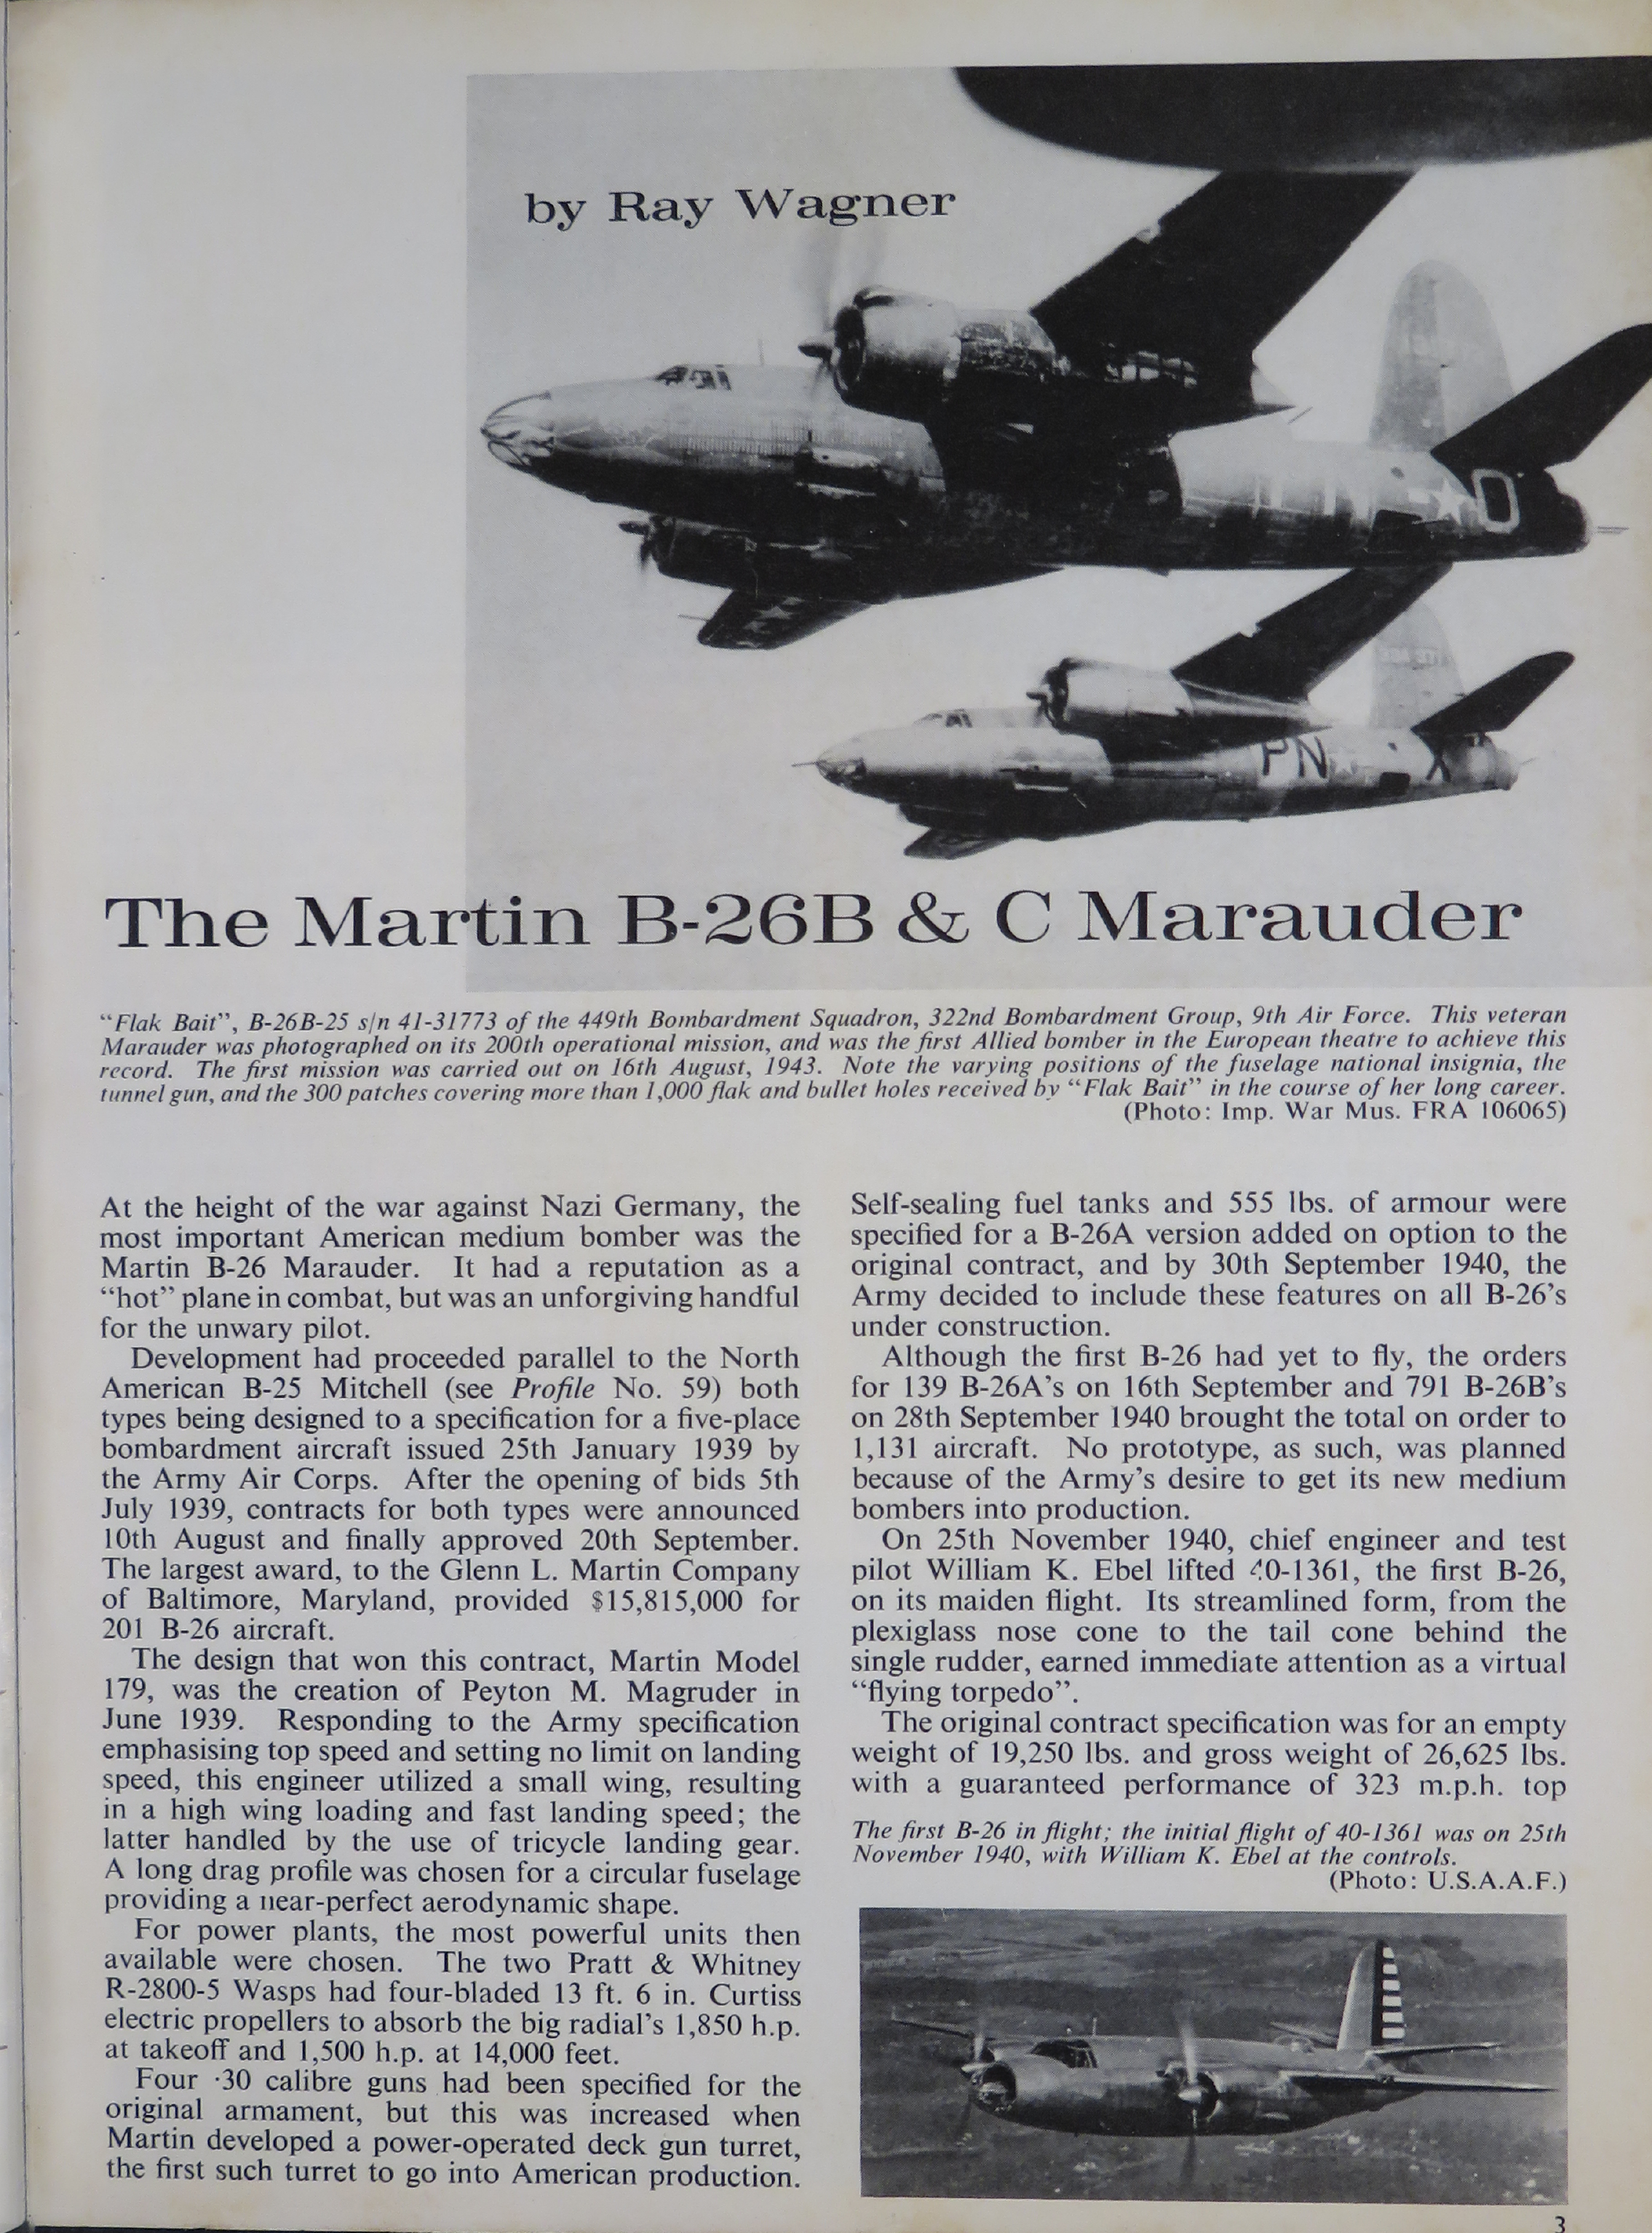 Sample page 3 from AirCorps Library document: Profile Publications - The Martin B-26B & C Marauder
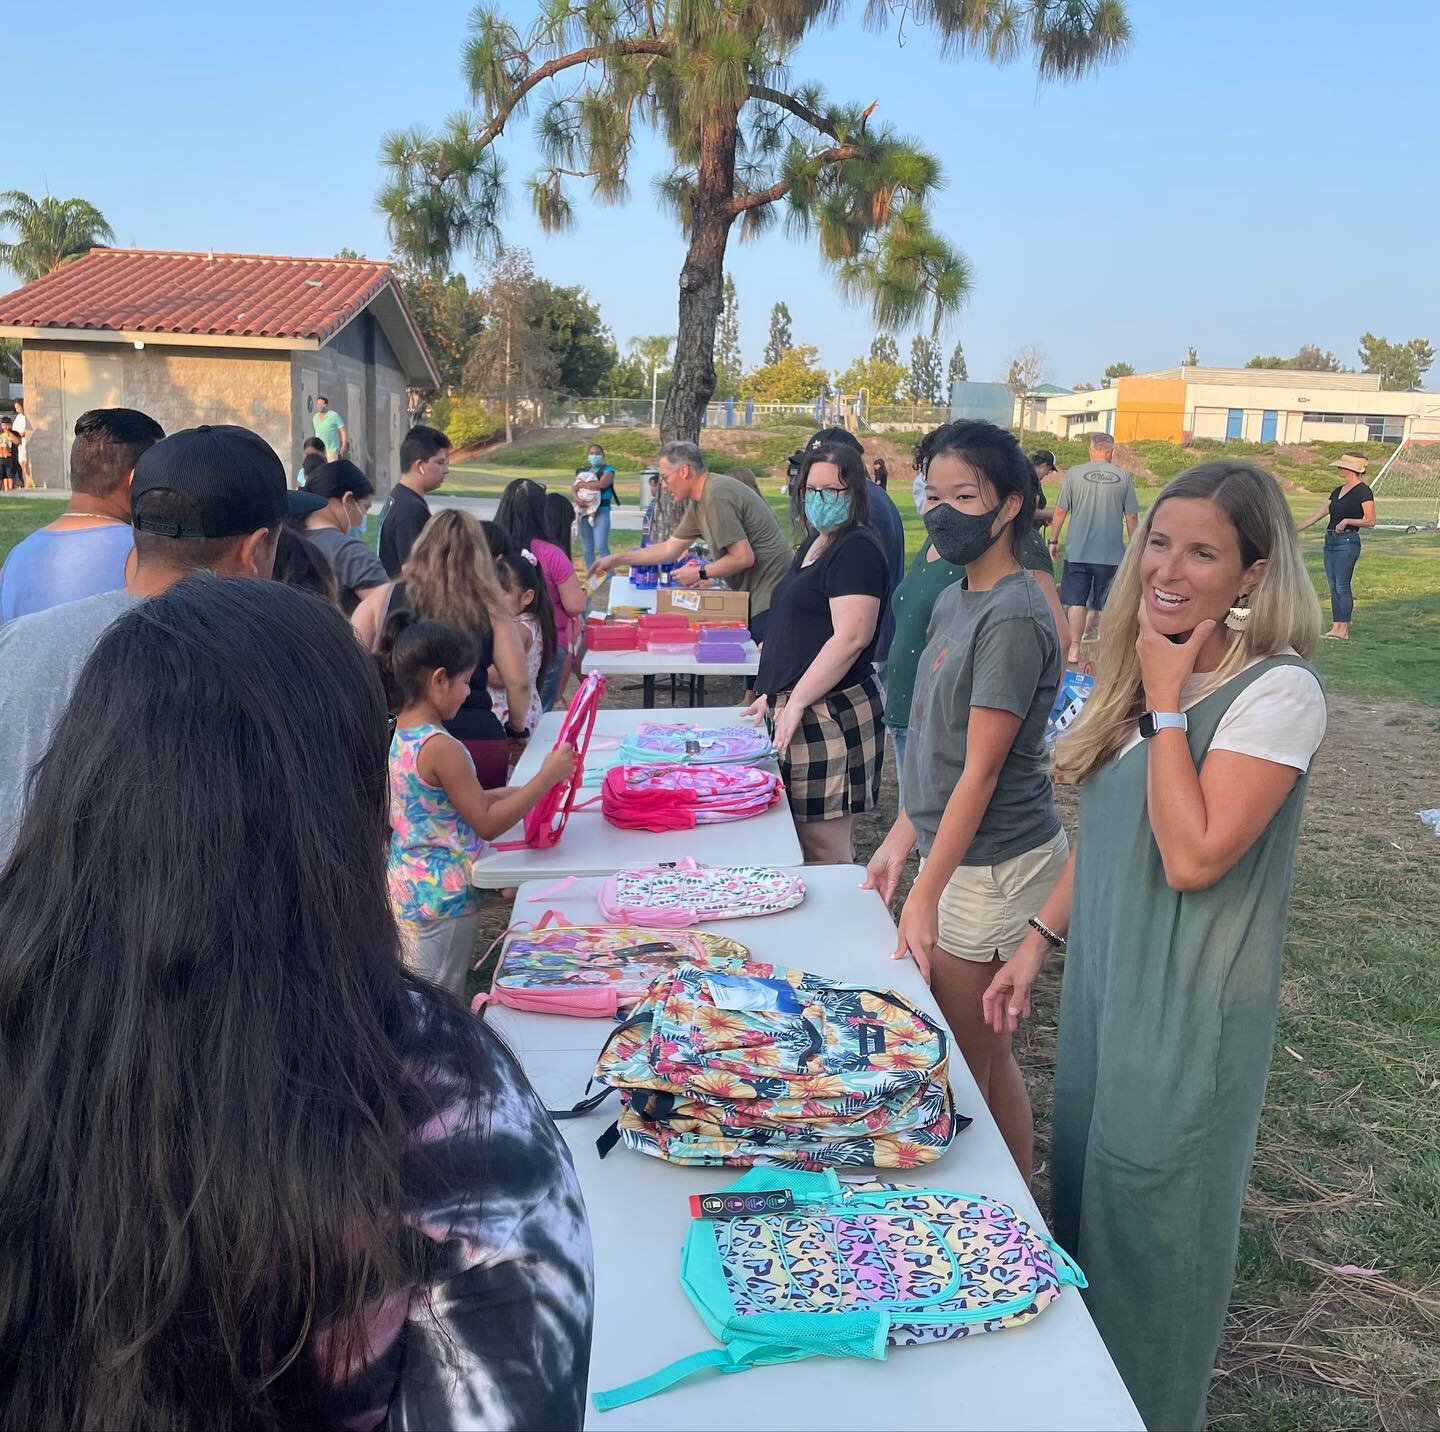 In 2017, friends from a local church discovered the need for school supplies and backpacks for students at their neighborhood elementary school in Laguna Niguel.

They gathered some donations, bought as many backpacks as they could, and collected sch
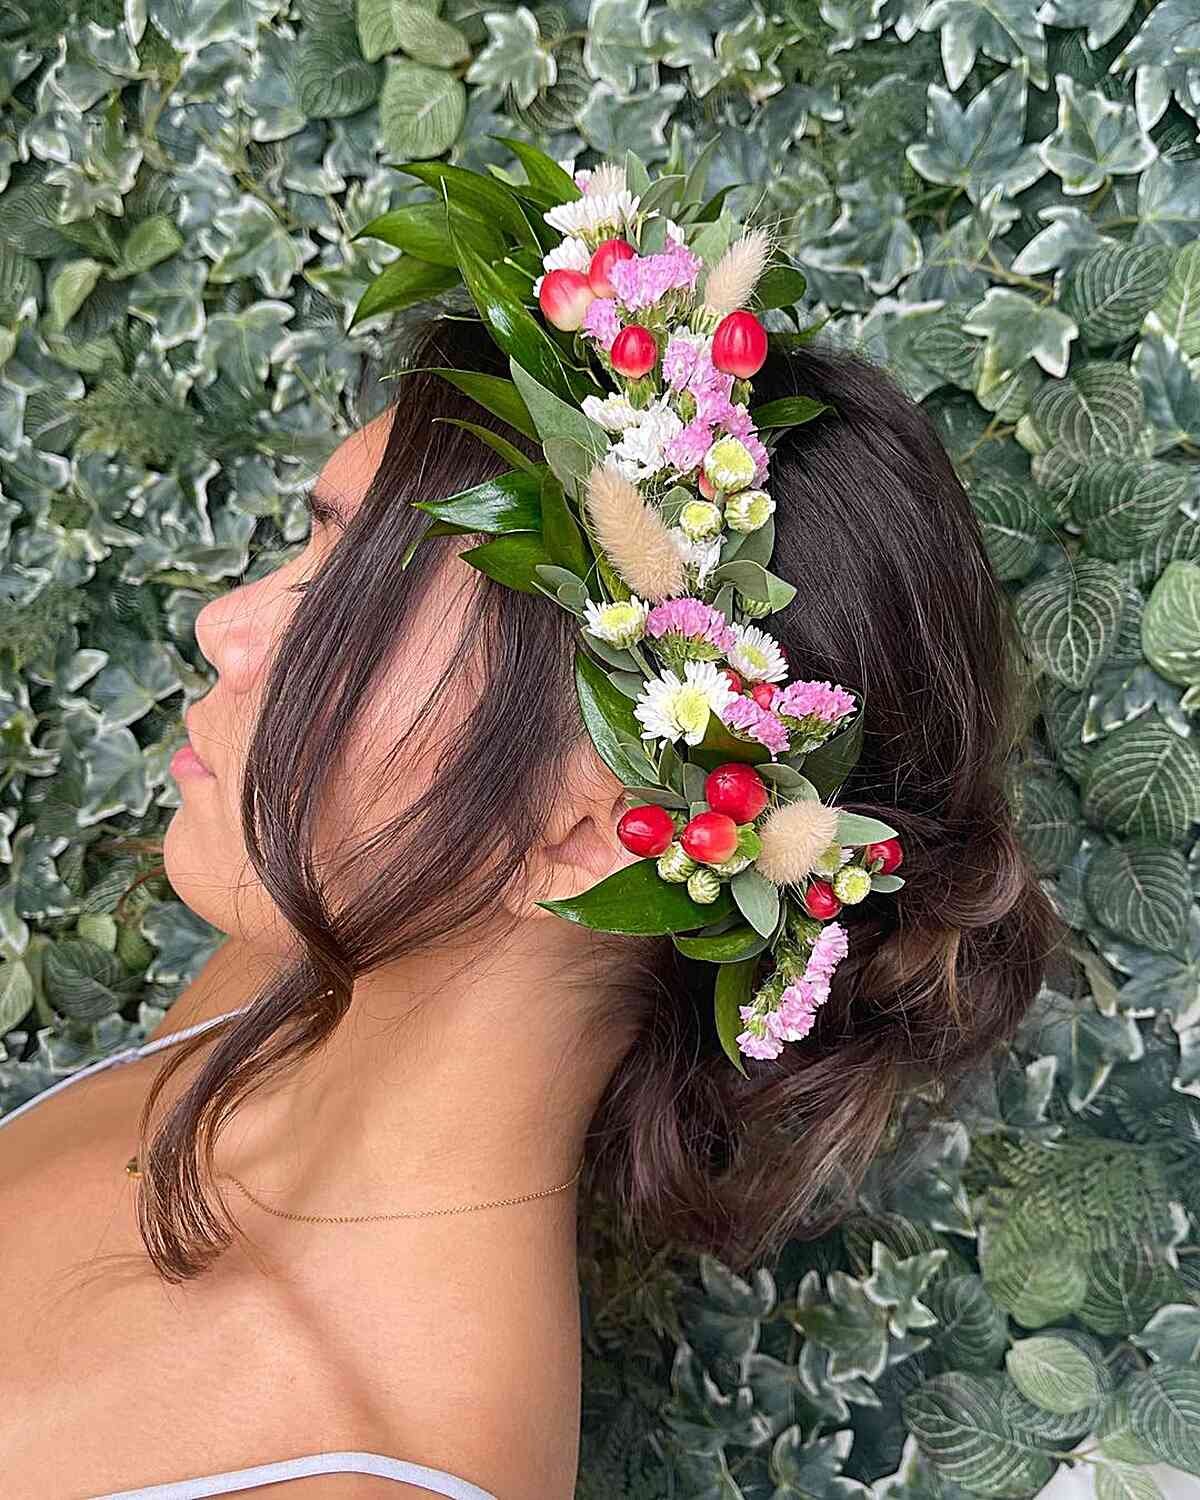 Boho Chic Updo with Flower Crown for festivals

▸ **What to work on**
Write out exactly the lines from the line that contains "They gathered some" to the last line of the material above, both included; pictures do not belong in the copy.

▸ **Task solution**
They gathered some donations, bought as many backpacks as they could, and collected sch
 Boho Chic Updo with Flower Crown for festivals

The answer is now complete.